= WHAT IS REQUIRED =
From the records below, extract only the lines running from the line with "Jazz Albums Every Man Should Hear" to the line with "Vulgar Sheffield: Strictly", both lines included, reproducing them exactly.

==========

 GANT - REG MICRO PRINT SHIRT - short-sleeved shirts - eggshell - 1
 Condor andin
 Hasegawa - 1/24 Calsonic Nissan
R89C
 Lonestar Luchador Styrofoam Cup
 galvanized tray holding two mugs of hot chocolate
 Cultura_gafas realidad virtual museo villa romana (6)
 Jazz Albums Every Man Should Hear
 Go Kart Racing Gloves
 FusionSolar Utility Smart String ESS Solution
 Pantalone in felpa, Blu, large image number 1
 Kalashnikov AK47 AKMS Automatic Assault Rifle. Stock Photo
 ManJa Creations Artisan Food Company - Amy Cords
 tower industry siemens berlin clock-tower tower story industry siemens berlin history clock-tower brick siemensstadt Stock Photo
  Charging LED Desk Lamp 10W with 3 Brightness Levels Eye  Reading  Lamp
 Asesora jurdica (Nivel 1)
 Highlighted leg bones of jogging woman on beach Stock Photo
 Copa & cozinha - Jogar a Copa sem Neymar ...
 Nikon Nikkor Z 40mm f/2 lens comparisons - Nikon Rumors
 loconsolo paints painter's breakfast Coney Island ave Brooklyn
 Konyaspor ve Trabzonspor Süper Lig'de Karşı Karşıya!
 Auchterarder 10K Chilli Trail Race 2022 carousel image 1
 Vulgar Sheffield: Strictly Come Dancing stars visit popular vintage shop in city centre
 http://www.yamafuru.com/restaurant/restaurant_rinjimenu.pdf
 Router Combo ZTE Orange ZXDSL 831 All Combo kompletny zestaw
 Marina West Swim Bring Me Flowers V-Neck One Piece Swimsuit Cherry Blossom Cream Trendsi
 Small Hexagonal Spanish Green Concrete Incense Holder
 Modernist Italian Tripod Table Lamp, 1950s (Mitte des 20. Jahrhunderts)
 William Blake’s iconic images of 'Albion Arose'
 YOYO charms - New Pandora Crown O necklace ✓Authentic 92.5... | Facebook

==========

= TASK RESULT =
 Jazz Albums Every Man Should Hear
 Go Kart Racing Gloves
 FusionSolar Utility Smart String ESS Solution
 Pantalone in felpa, Blu, large image number 1
 Kalashnikov AK47 AKMS Automatic Assault Rifle. Stock Photo
 ManJa Creations Artisan Food Company - Amy Cords
 tower industry siemens berlin clock-tower tower story industry siemens berlin history clock-tower brick siemensstadt Stock Photo
  Charging LED Desk Lamp 10W with 3 Brightness Levels Eye  Reading  Lamp
 Asesora jurdica (Nivel 1)
 Highlighted leg bones of jogging woman on beach Stock Photo
 Copa & cozinha - Jogar a Copa sem Neymar ...
 Nikon Nikkor Z 40mm f/2 lens comparisons - Nikon Rumors
 loconsolo paints painter's breakfast Coney Island ave Brooklyn
 Konyaspor ve Trabzonspor Süper Lig'de Karşı Karşıya!
 Auchterarder 10K Chilli Trail Race 2022 carousel image 1
 Vulgar Sheffield: Strictly Come Dancing stars visit popular vintage shop in city centre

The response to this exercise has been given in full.